FORGOTTEN MAN?: The competition at wide receiver has clearly been the most hotly contested in this year’s preseason.

Spagnuolo said Saturday that he didn’t think there was a whole lot of clarity for who will make it at that position just yet. Then, the team trimmed the ranks by two in cutting Joe West and Jared Jenkins on Sunday.

While making plays on offense is a big part of being on the roster, the players near the bottom of the depth chart also must contribute on special teams. That’s why a player like Dominique Curry can’t be counted out yet.

Curry made the roster last year and was viewed by Rams coaches as a potential star on special teams, even blocking a punt early in the season before a knee injury ended his season prematurely.

In this camp, Curry has been limited by a hand injury as a receiver which could make landing a spot difficult but he continues to be a standout on special teams.

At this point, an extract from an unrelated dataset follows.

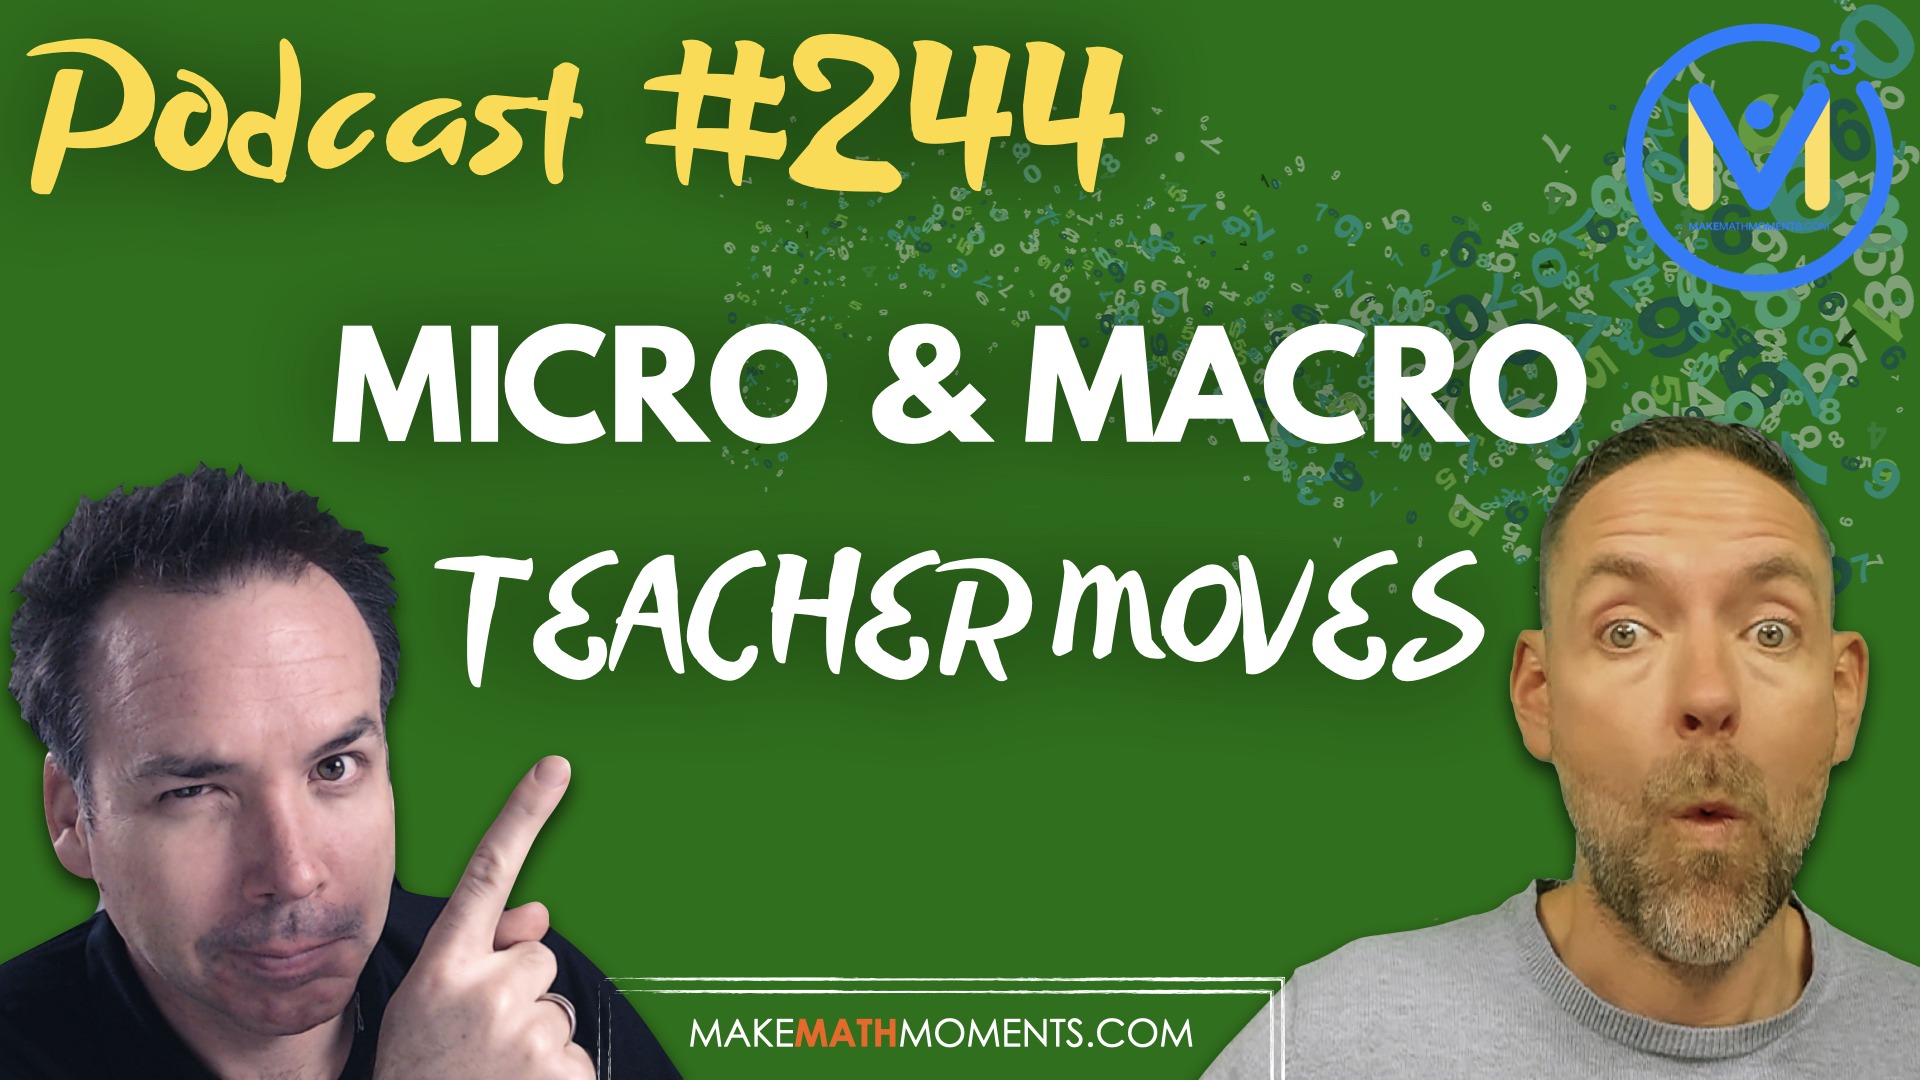 Episode #244: Micro & Macro Teacher Moves – A Math Mentoring Moment
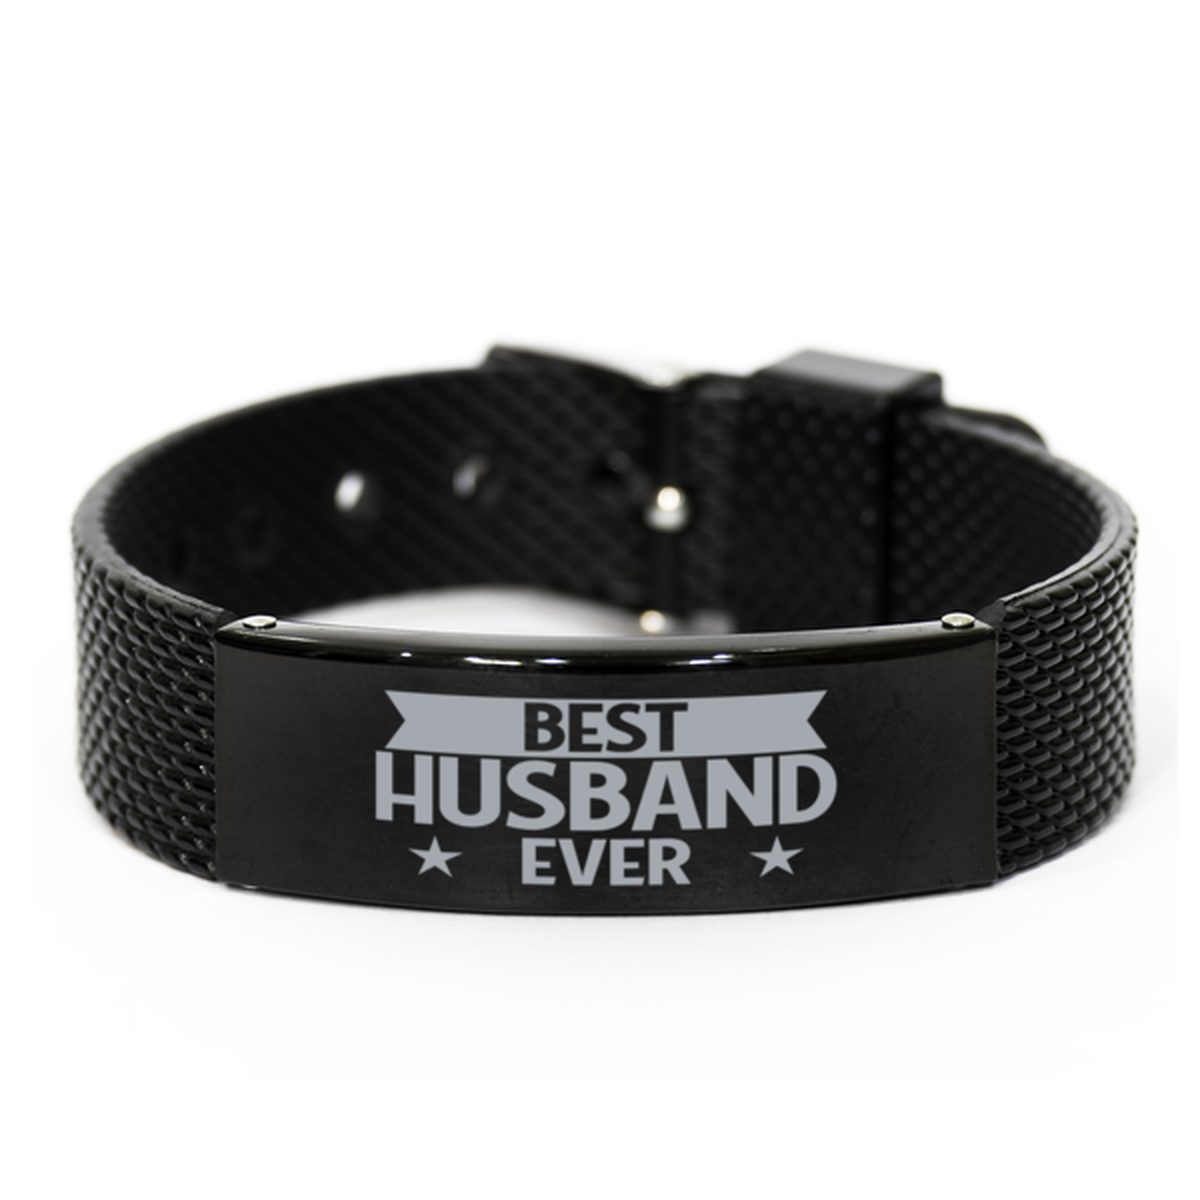 Best Husband Ever Husband Gifts, Gag Engraved Bracelet For Husband, Best Family Gifts For Men

“Well, he’s been a consistent key guy for (Special Teams Coordinator) Tom McMahon on special teams and that hasn’t changed,” Spagnuolo said. “He’s battled his hand injury and hasn’t been over there catching passes as a wide receiver, but the tricky part there will be can you keep somebody on your roster that just does special teams? That’s why Dominique has to hopefully get some reps as a wide receiver. The thing that’s kind of held him back is the hand injury, but he did perform really well last night in each phase of the special teams game.”

INJURY REPORT: The Rams got down to their 80-man roster on Tuesday by placing defensive tackle Jermelle Cudjo and cornerbacks Dionte Dinkins and Mikail Baker on the waived/injured list.

It’s possible Dinkins and Baker could be brought back for practice squad purposes when they heal up but Cudjo is not eligible after playing in 10 games last year.

Tight end Michael Hoomanawanui (calf) will not make the trip to Jacksonville. Defensive tackle Fred Robbins did some individual work but nothing in team drills.

Harris returned to practice after sitting out Monday.